Father of man killed by FBI agent says he may have been provoked

MOSCOW (CNN) -- The father of a 27-year-old man shot dead by an FBI agent said Thursday that accounts he has heard about the killing make no sense.

Ibragim Todashev was fatally shot early May 22 during questioning about a 2011 triple homicide in Waltham, Massachusetts, as well as his relationship with deceased Boston Marathon bombings suspect Tamerlan Tsarnaev.

Todashev admitted to his direct role in slashing three people's throats in Waltham and said Tsarnaev was involved as well, a federal law enforcement official told CNN.

Todashev was killed while being interviewed in the kitchen of his Orlando, Florida, home.

"One of the versions was that he went to the kitchen, took a knife and attacked them," Abdulbaki Todashev told reporters in Moscow about his son. "Another version was that he freaked out and wanted to hit (a) police officer and take his gun. It's absurd. There were four or five armed, well-trained people from FBI or police.
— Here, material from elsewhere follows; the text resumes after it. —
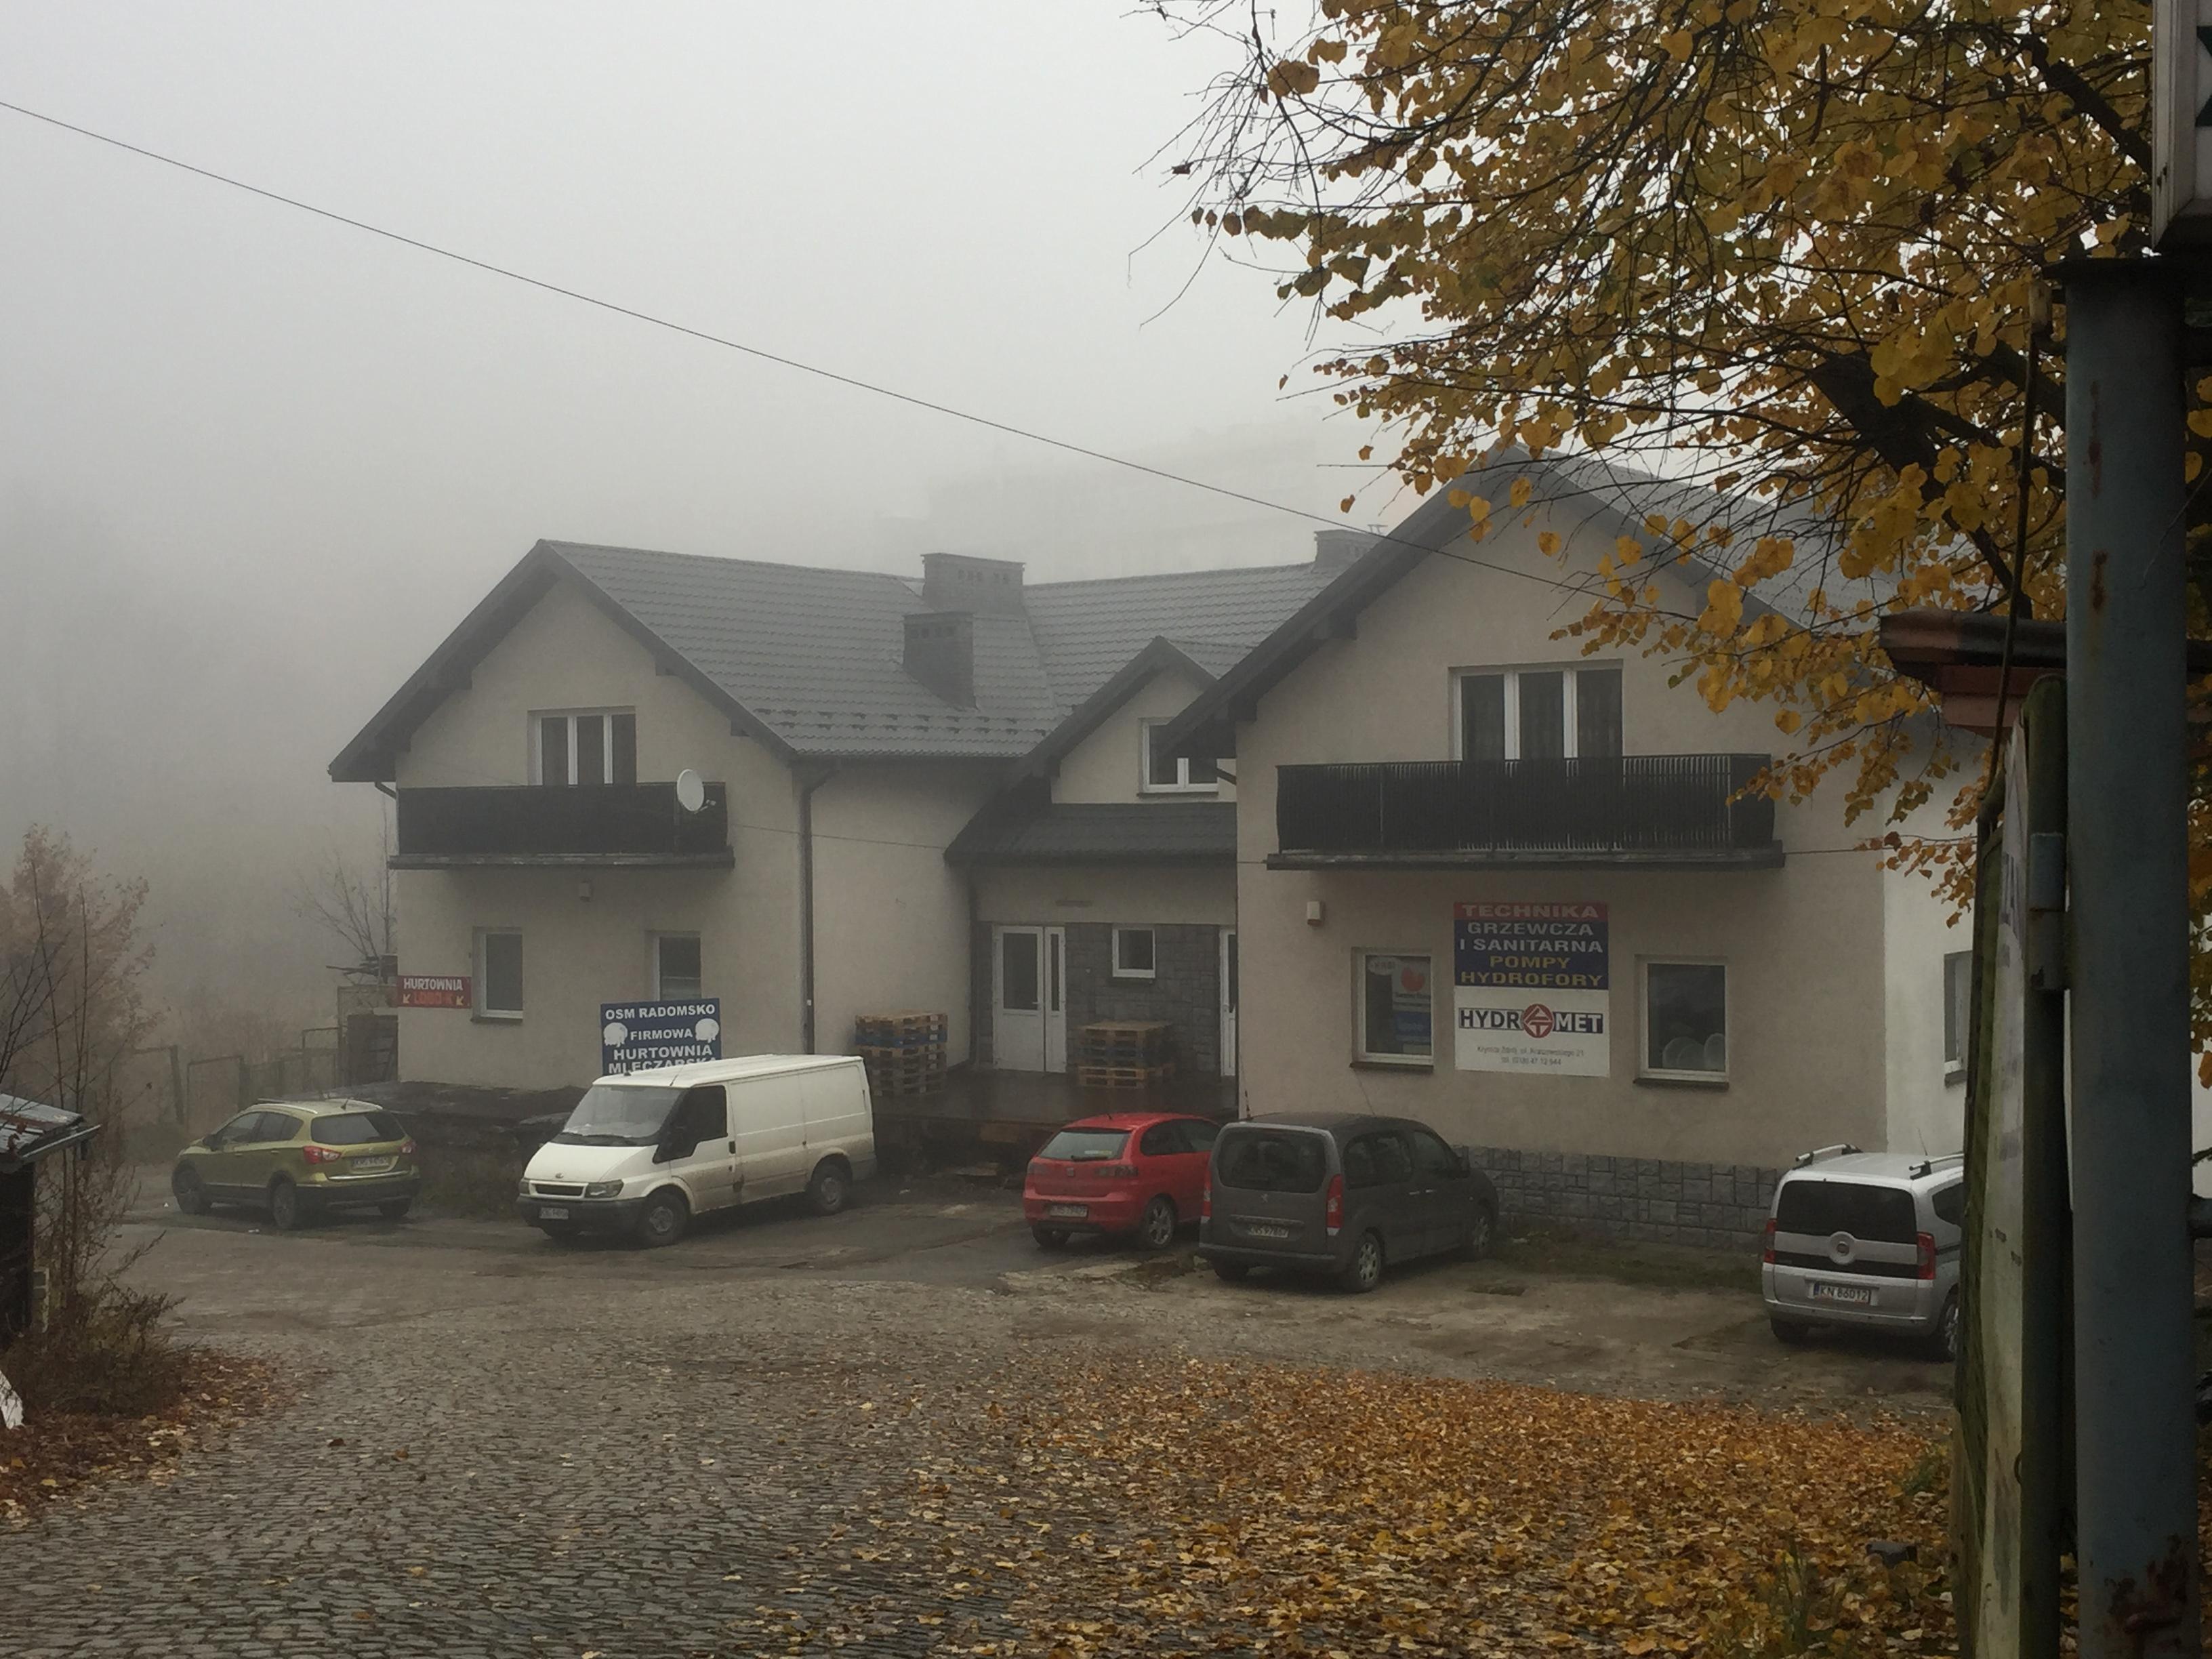 Dawniej miejsce Mykwy w Krynicy-Zdroju

Couldn't they handle my son?"

The father said that Todashev could have posed no threat: he had recently undergone leg surgery and needed crutches to walk.
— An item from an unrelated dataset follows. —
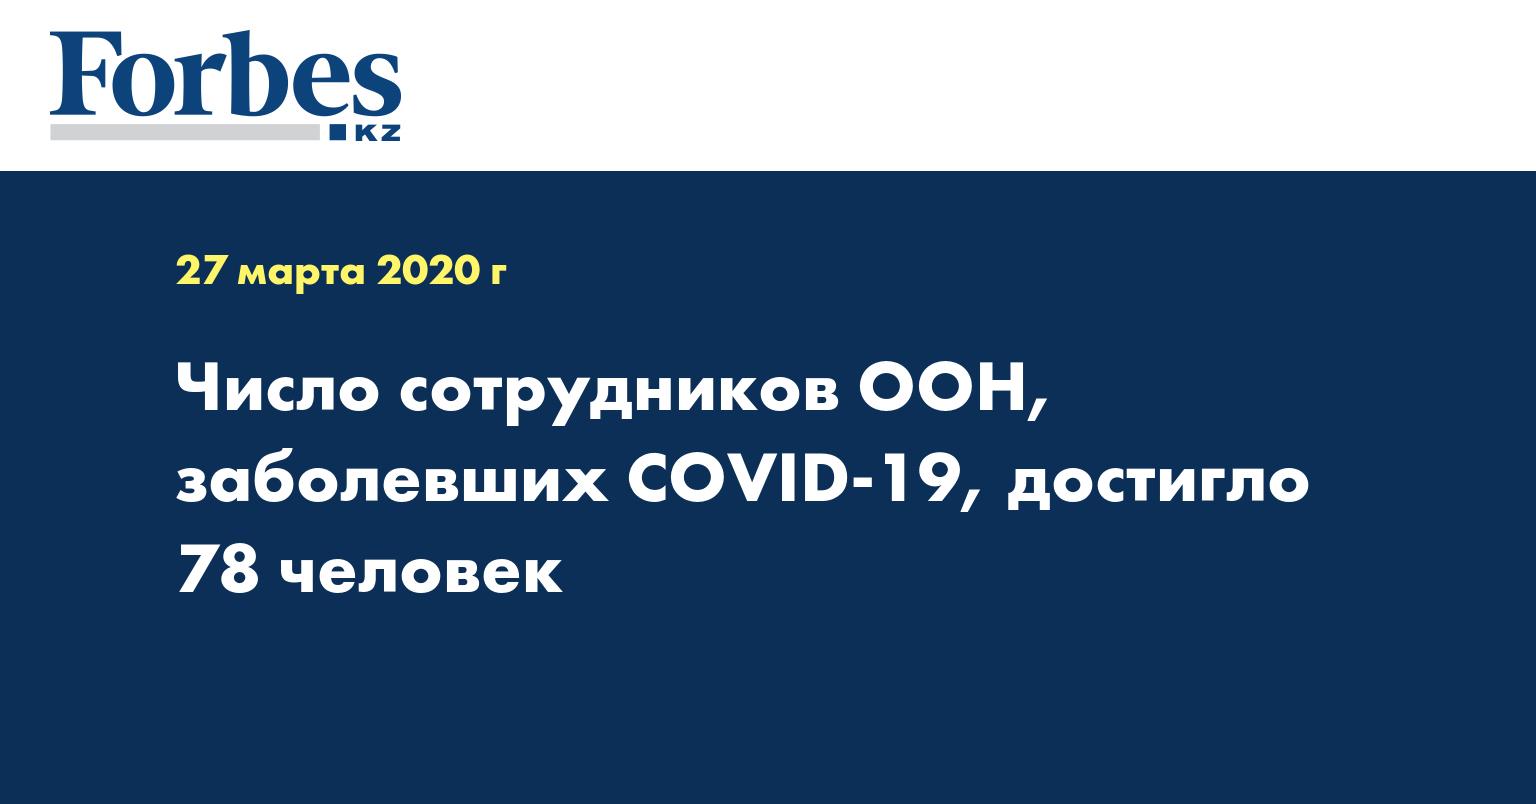 Число сотрудников ООН, заболевших COVID-19, достигло 78 человек

Photographs of his son's body show that he was shot seven times, once to the head, said Abdulbaki Todashev.

"They were torturing the man for eight hours. There was no lawyer, no witnesses, nobody. Until we get the results of the official investigation, we can only guess what was going on there."

The elder Todashev suggested his son may have been provoked. "If you question someone for eight hours, you can provoke him into anything," he said.
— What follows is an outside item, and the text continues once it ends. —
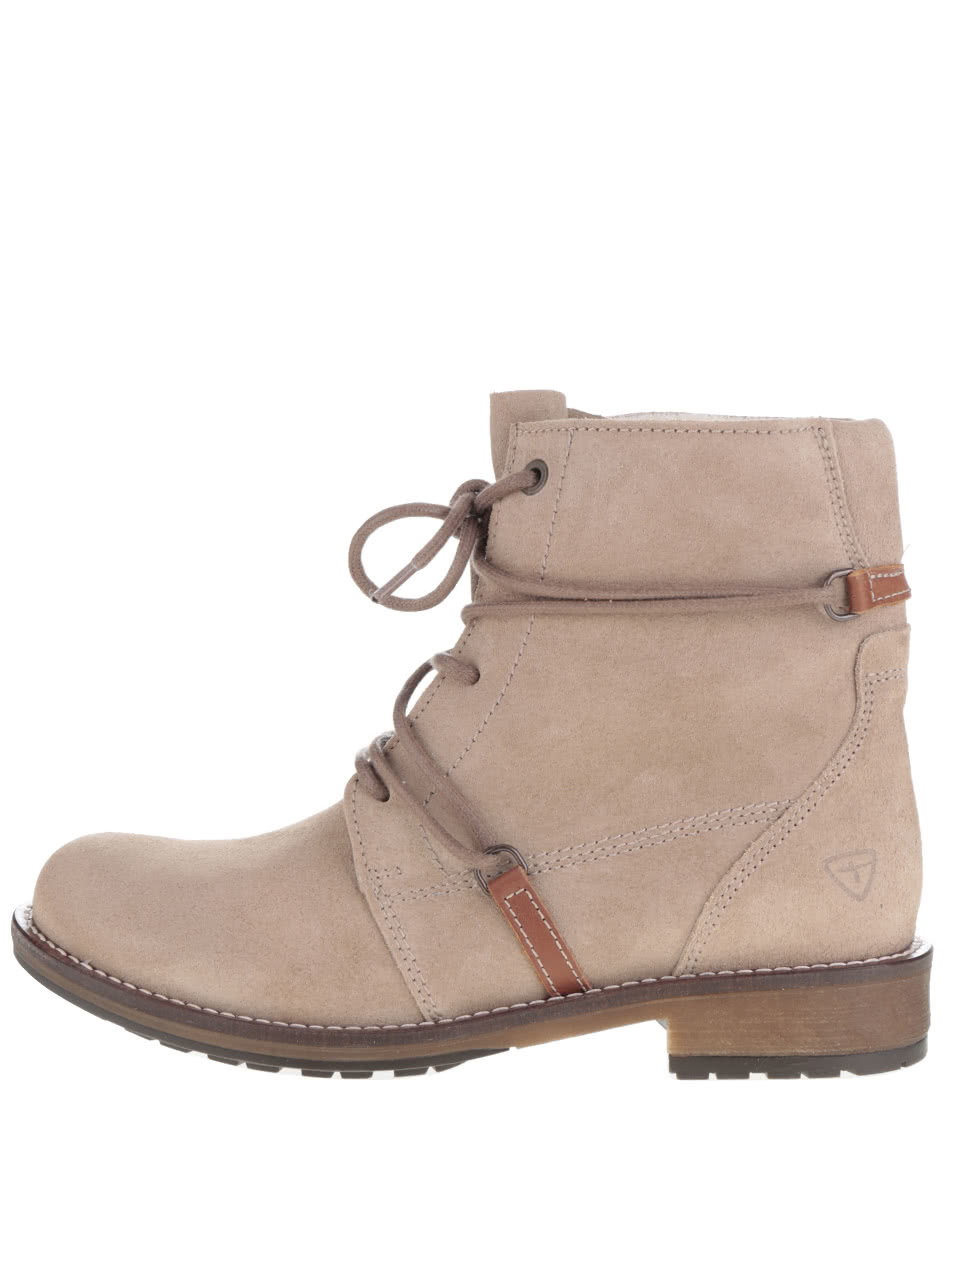 c2898ae96688 Béžové semišové členkové topánky s neobvyklým šnurovaním Tamaris ...

The father said he had spent much of his life raising his 12 children, and that he knew Ibragim well. "I know what he is capable and not capable of. My son could not have done this."

A U.S. government official briefed on the investigation said Thursday that Todashev had agreed to talk to authorities,and noted that he was never arrested or handcuffed.

A samurai sword was in the room when Todashev sat down with two Massachusetts State Police detectives and a Boston-based FBI agent, but it was moved out of his reach.

After one of the detectives left the room, the other noticed Todashev was acting odd and he texted that sense to the FBI agent with him -- the U.S. official told CNN. Those two law enforcement officials were the only ones with Todashev, according to this account.

Suddenly, Todashev knocked over a table -- knocking the FBI agent back into a wall -- and came at him with some sort of "long-handled object" that he'd grabbed from behind him, according to the official.

The agent fired a few rounds, but Todashev kept on coming, the official said. He finally stopped after yet more gunshots.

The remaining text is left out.